For instance, Herman Kahn and John von Neumann appear in a single episode of 1993’s The Trap, a film about the emergence of technocracy from the Soviet bureaucracy to systems analysis during the Cold War, and of course, the spread of DDT and its impact on the environment (obviously). Both appear again, briefly, in 2007’s The Trap, which adds to the narrative the character of John Nash (famously depicted by Russell Crowe in Ron Howard’s 2001 A Beautiful Mind) and the entanglements of the discipline of psychology and game theory deployed by shadowy organizations like the RAND corporation and the CIA. This narrative is picked up again in Curtis’ most recent Can’t Get You Out of My Head, but here merely as a sidestory to an account of the rise of computing logics, which now can be traced back to George Boole in the late 19th century, the logic of which in the new film is said to have been noted by B.F. Skinner to develop behavioral analysis in the field of psychology, which gives rise to social media logics that become attractive to the countercultural expatriates of the late 1970s and wait, is that the music from 2005’s Century of the Self playing?

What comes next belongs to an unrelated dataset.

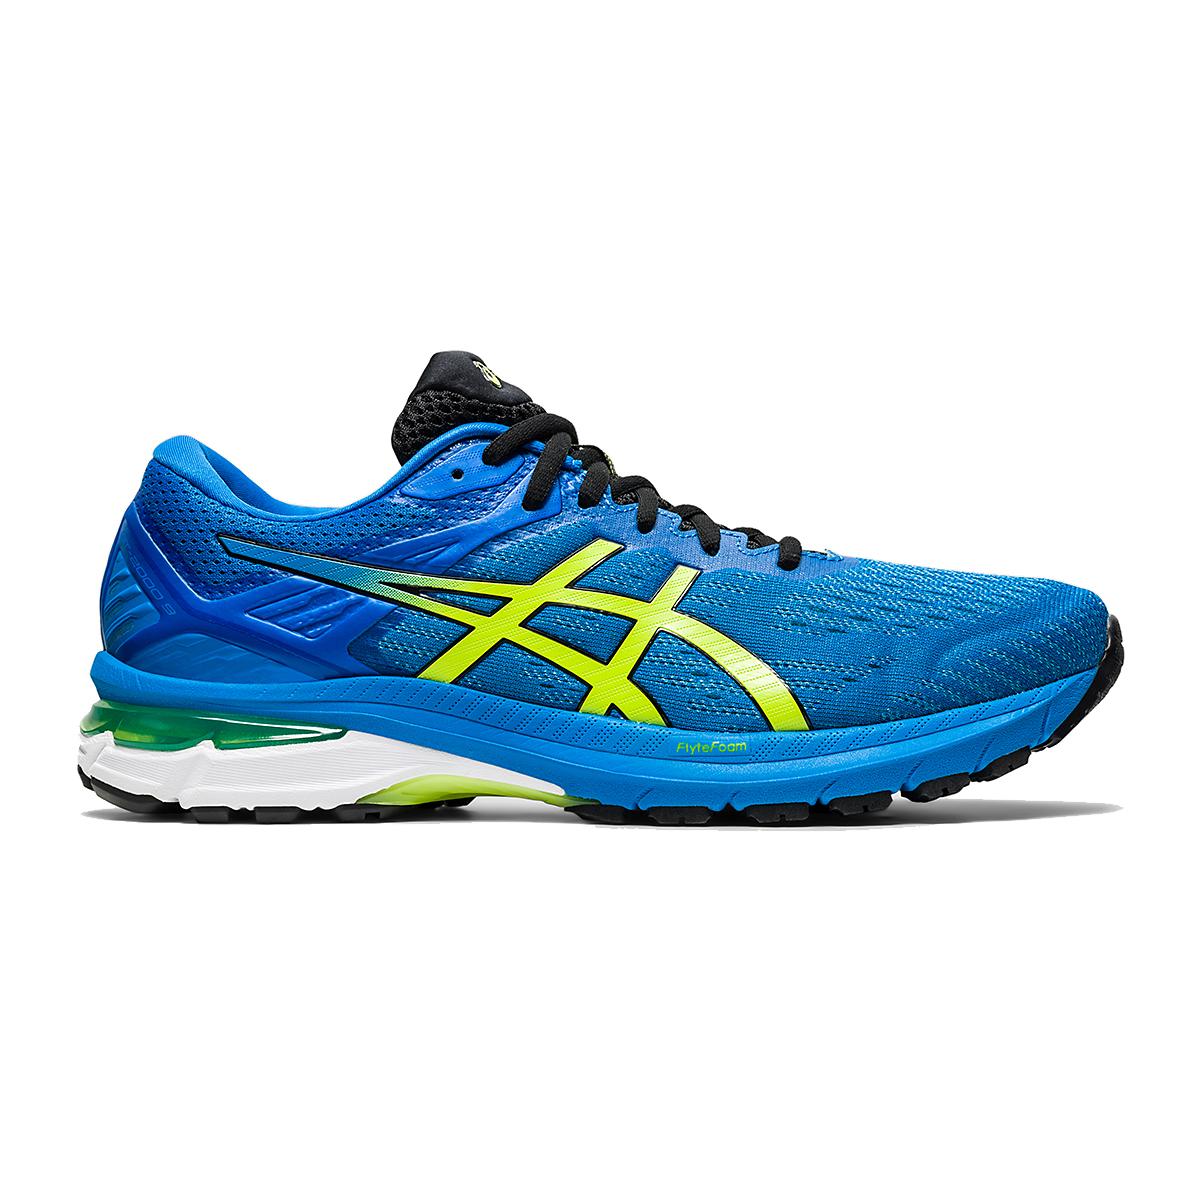 Men's Asics Gt-2000 9 Running Shoe - Color: Directoire Blue - Size: 7 - Width: Regular, Directoire Blue, large, image 1

Aside from the at times unintelligibility of this scattershot approach, you can immediately see resonance with Foucault’s understanding of genealogy through Nietzsche not as a search for the beginning of this or that phenomena, but rather as a conceptual tool that identifies sites of emergence, descent, or “the moment of arising.” Accidents, divergence, contingency. Overlapping and contrasting temporal flows that move from past to present and back again. Genealogy, in other words,
…will never confuse itself with a quest for…”origins,” will never neglect as inaccessible the vicissitudes of history. On the contrary, it will cultivate the details and accidents that accompany every beginning; it will be scrupulously attentive to their petty malice; it will await their emergence, once unmasked, as the face of the other…(t)he genealogist needs history to dispel the chimeras of the origin…
One could look at this cast of characters above and imagine something like a supercut of Curtis’ films, stitching moments together in their historical teleology to illustrate how, say, all this nonsense on Facebook got started: well, first George Boole came up with this logic which led to…
Instead, both within the films and across his entire ouvre, Curtis seeks not to identify origins but rather draw out complex threads that at times entangle themselves with other threads, begin earlier, or later, bring in new characters, or find themselves in new spaces. “Genealogy does not pretend to go back in time to restore an unbroken continuity that operates beyond the dispersion of forgotten things,” Foucault writes, “its duty is not to demonstrate that the past actively exists in the present.” Curtis breaks this continuity regularly. At times he frustratingly will skip back in time just when the story feels like it is “getting good,” such as this moment from 2016’s Hypernormalisation, which immediately follows a segment on complexity theory and the resulting need for “politicians…to give up on any idea of trying to change the world,” to embrace the very same logics of security Foucault outlined in Security, Territory, Population, the experience of which lead to the rise of SSRIs to help cope with the psychic historical change, leading to the empowerment of the pharmaceutical industry in the 1980s. Then, a cut to this:
Hypernormalisation (Adam Curtis, 2016)
But what happened “six years earlier” in the film is not so much the origin of this part of the story, but rather an account of how Laurence Fink was led to start BlackRock after losing $100 million dollars on a faulty deal in 1986—a specific connection to the financial crises of the 1970s and the 1980s that Hypernormalisation spends its earlier moments outlining—that paved the way for a logic of security and management that was itself appropriated by the medicalization of anxiety a decade later.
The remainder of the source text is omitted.